Let me ask you the following very easy question, but I have some problems. I want to show that $$\int \limits_{0}^{2\pi}\dfrac{d\theta}{a+\cos \theta}=2\int \limits_{0}^{\pi}\dfrac{d\theta}{a+\cos \theta}.$$
It's enough to show that $\int \limits_{\pi}^{2\pi}\dfrac{d\theta}{a+\cos \theta}=\int \limits_{0}^{\pi}\dfrac{d\theta}{a+\cos \theta}$.
Consider the integral on the LHS and make substitution $\theta=x+\pi$ and we get the following $\int \limits_{0}^{\pi}\dfrac{d(x+\pi)}{a+\cos (x+\pi)}=\int \limits_{0}^{\pi}\dfrac{dx}{a-\cos x}$ which is not I want.
Maybe i am doing smth wrong.
Can anyone point out what's wrong with my reasoning?
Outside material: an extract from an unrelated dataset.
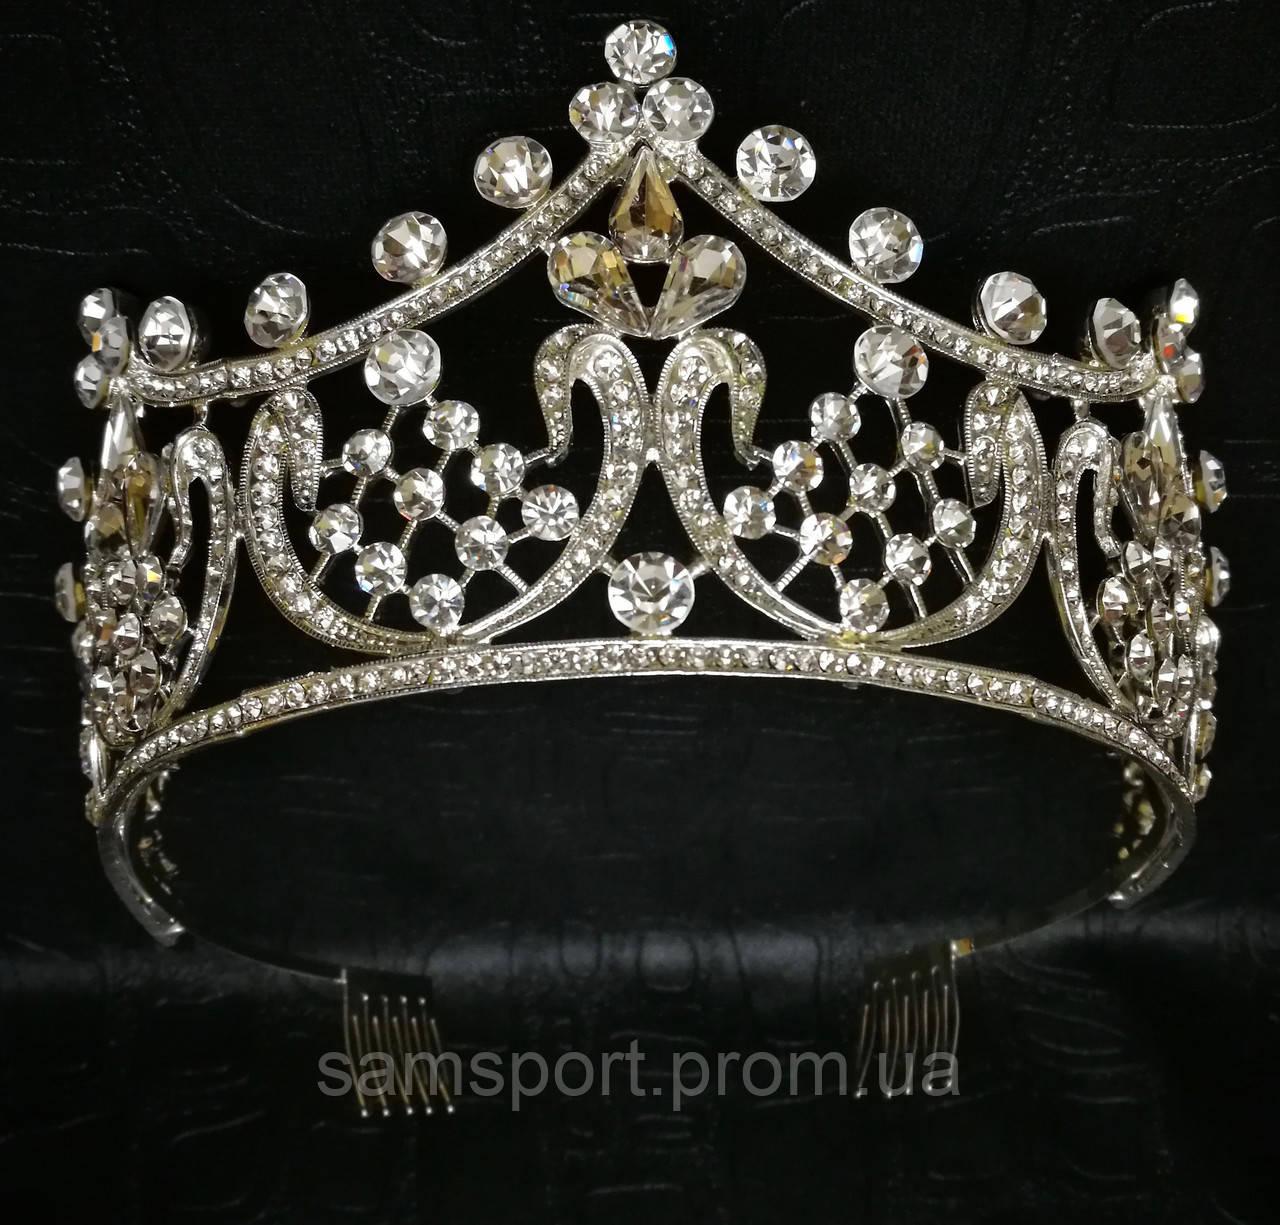 234 Свадебная бижутерия. Короны. Тиары и диадемы оптом.

Because $$\int \limits_{0}^{\frac{\pi}{2}}\dfrac{d\theta}{a+\cos \theta}=\int \limits_{2\pi}^{\frac{3\pi}{2}}\dfrac{d\left(2\pi-\theta\right)}{a+\cos(2\pi-\theta)}=\int \limits_{\frac{3\pi}{2}}^{2\pi}\dfrac{d\theta}{a+\cos \theta}$$ and $$\int \limits_{\frac{\pi}{2}}^{\pi}\dfrac{d\theta}{a+\cos \theta}=\int \limits_{\pi}^{\frac{3\pi}{2}}\dfrac{d\theta}{a+\cos \theta}.$$